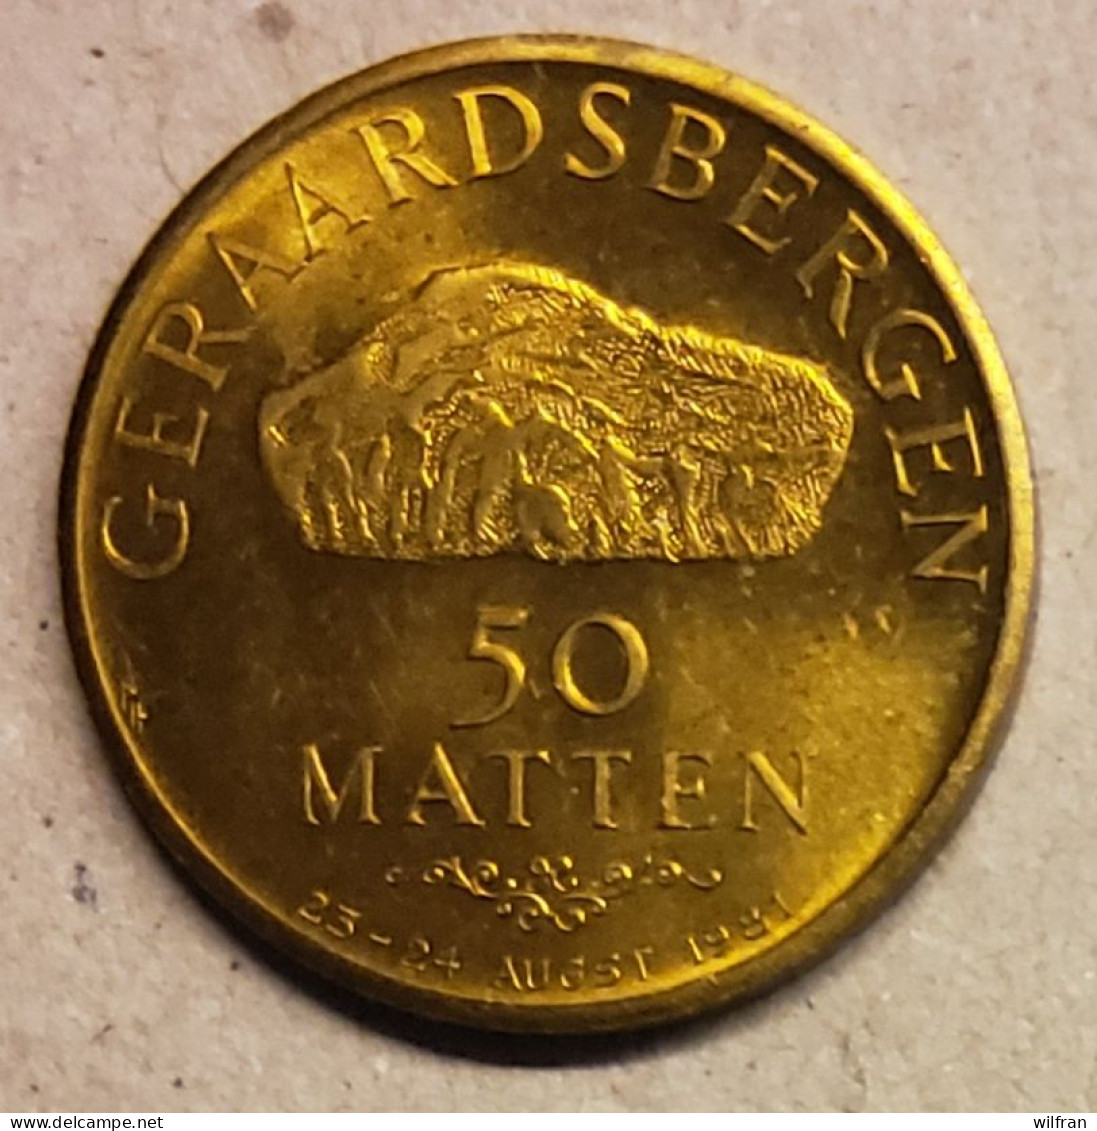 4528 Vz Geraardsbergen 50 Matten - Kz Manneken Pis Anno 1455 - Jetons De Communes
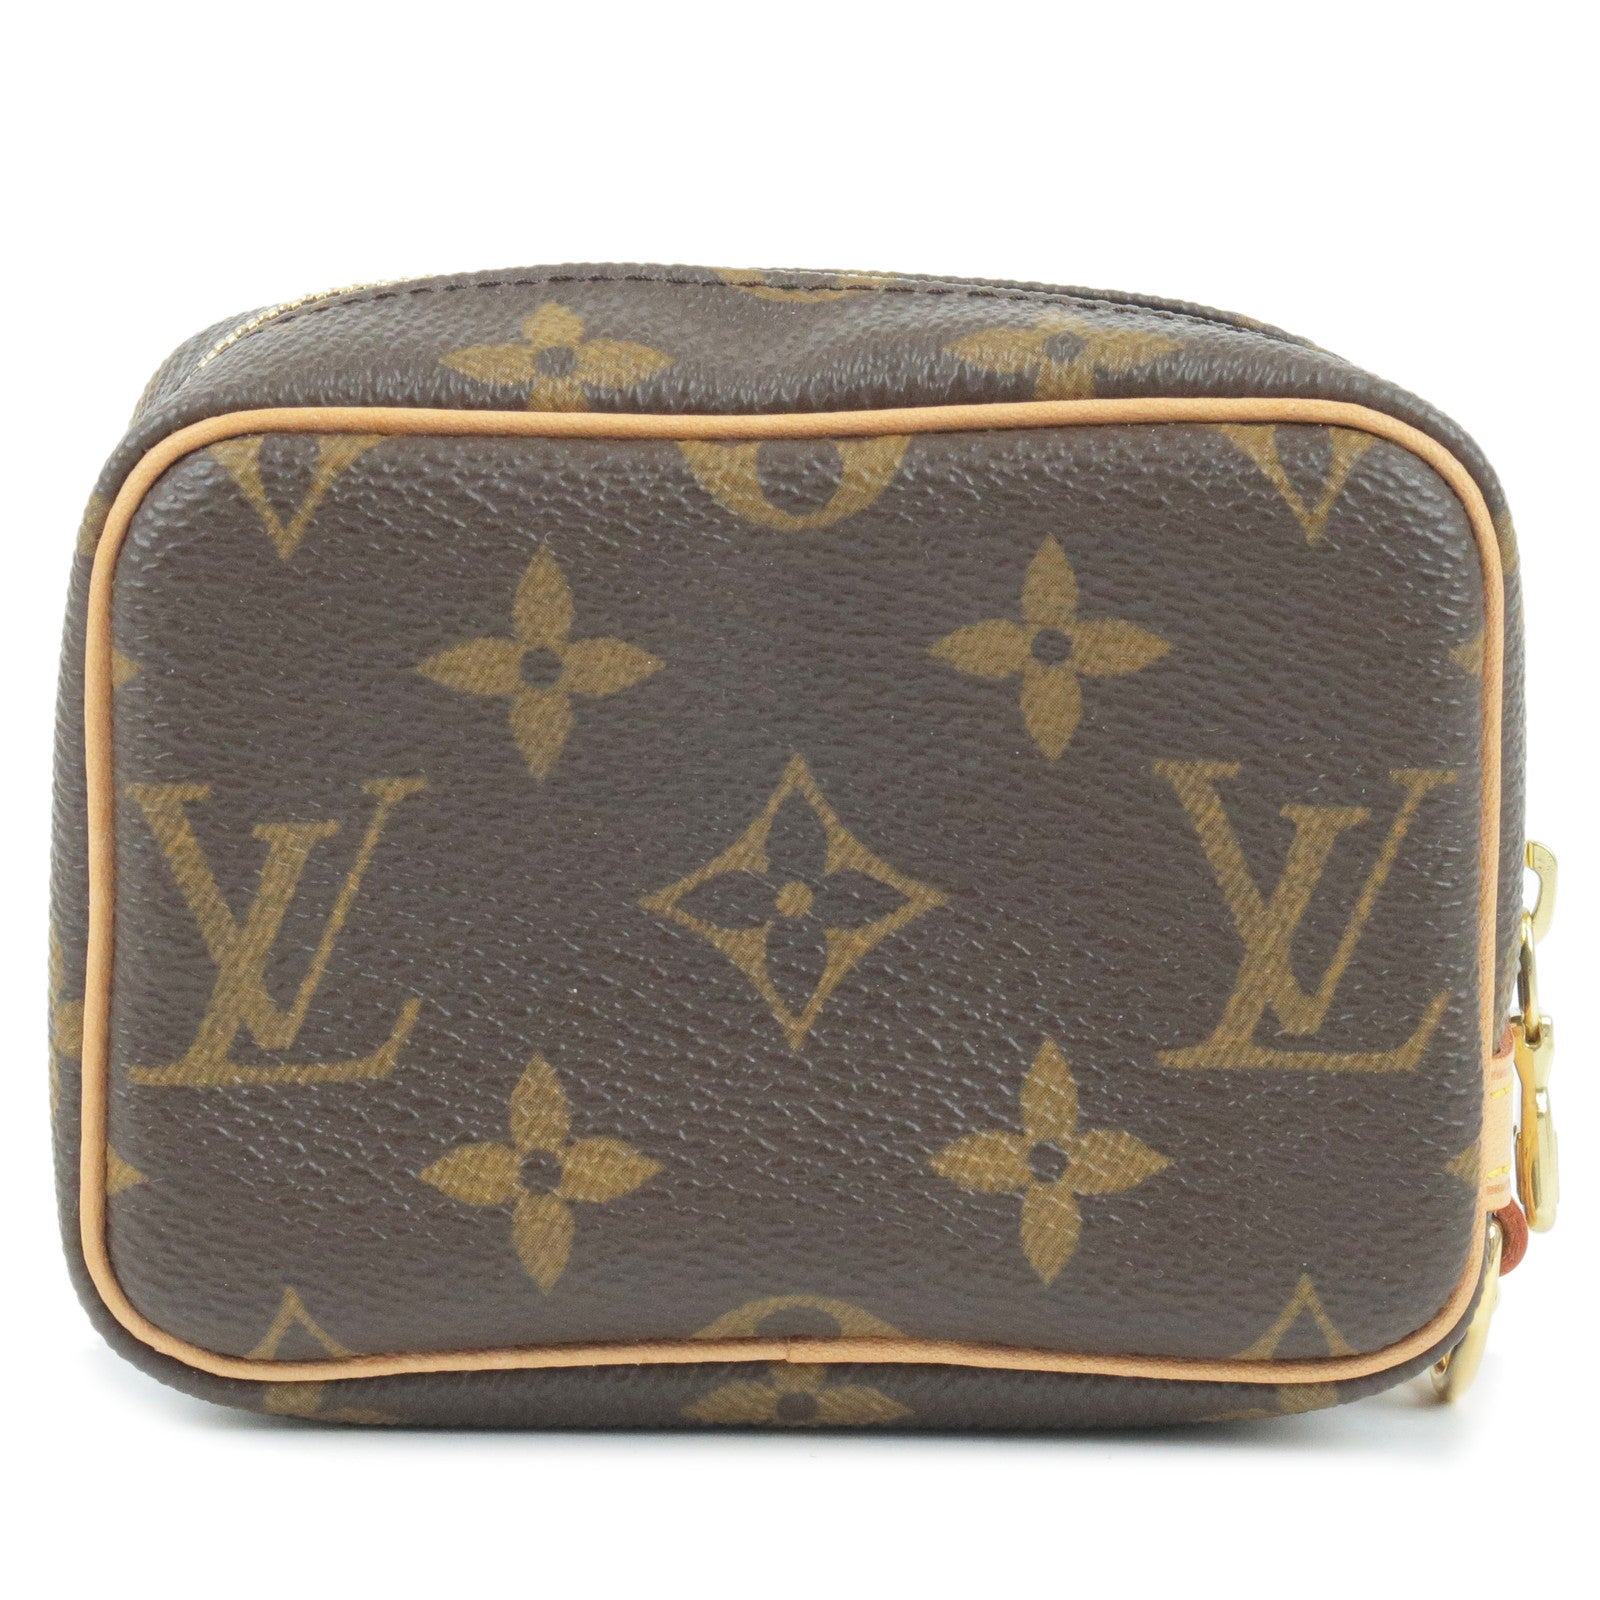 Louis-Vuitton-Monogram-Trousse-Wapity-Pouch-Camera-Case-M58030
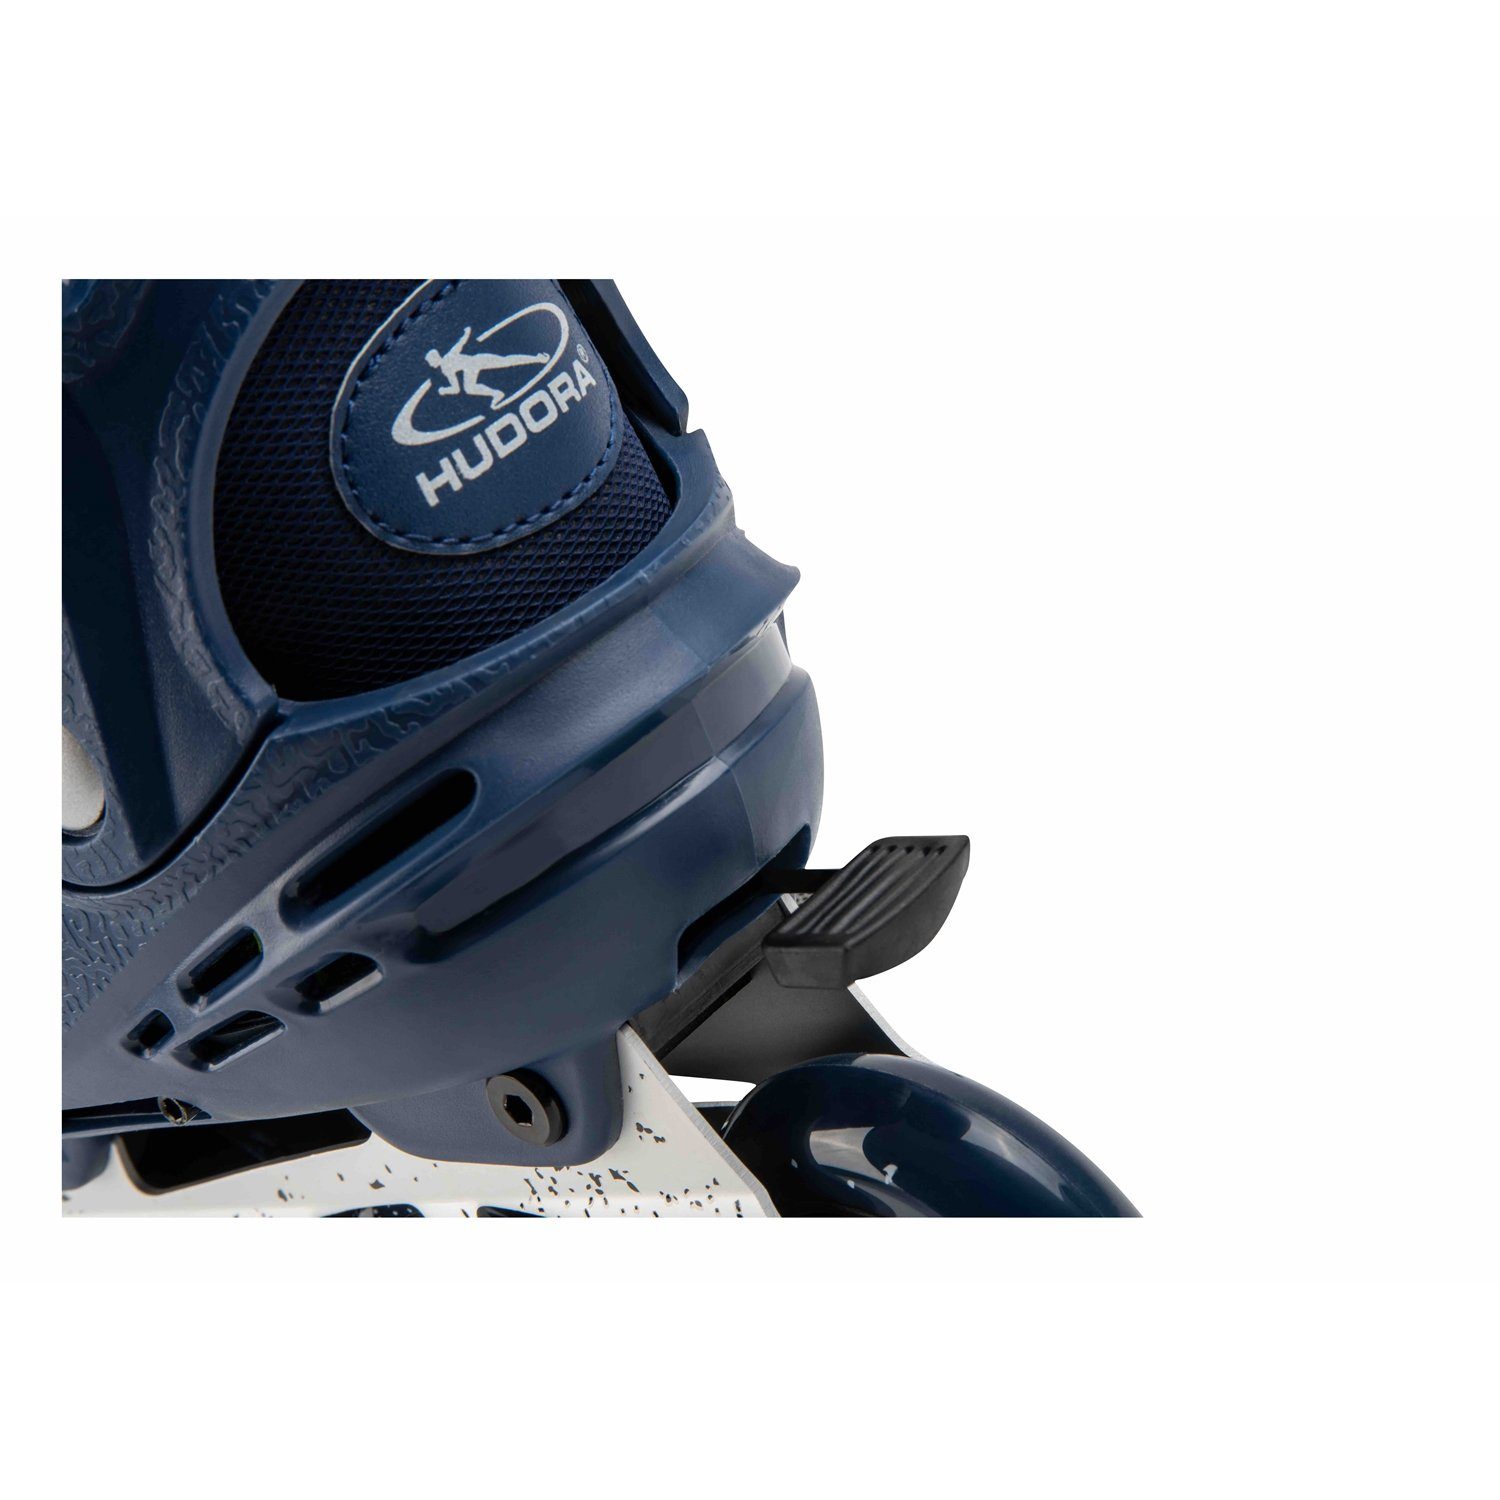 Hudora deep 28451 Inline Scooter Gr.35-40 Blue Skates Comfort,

TO DO:
Except for the pictures, return every line of the material exactly.

ANSWER TO THE PROBLEM:
 4528 Vz Geraardsbergen 50 Matten - Kz Manneken Pis Anno 1455 - Jetons De Communes
 Louis-Vuitton-Monogram-Trousse-Wapity-Pouch-Camera-Case-M58030
 Hudora deep 28451 Inline Scooter Gr.35-40 Blue Skates Comfort,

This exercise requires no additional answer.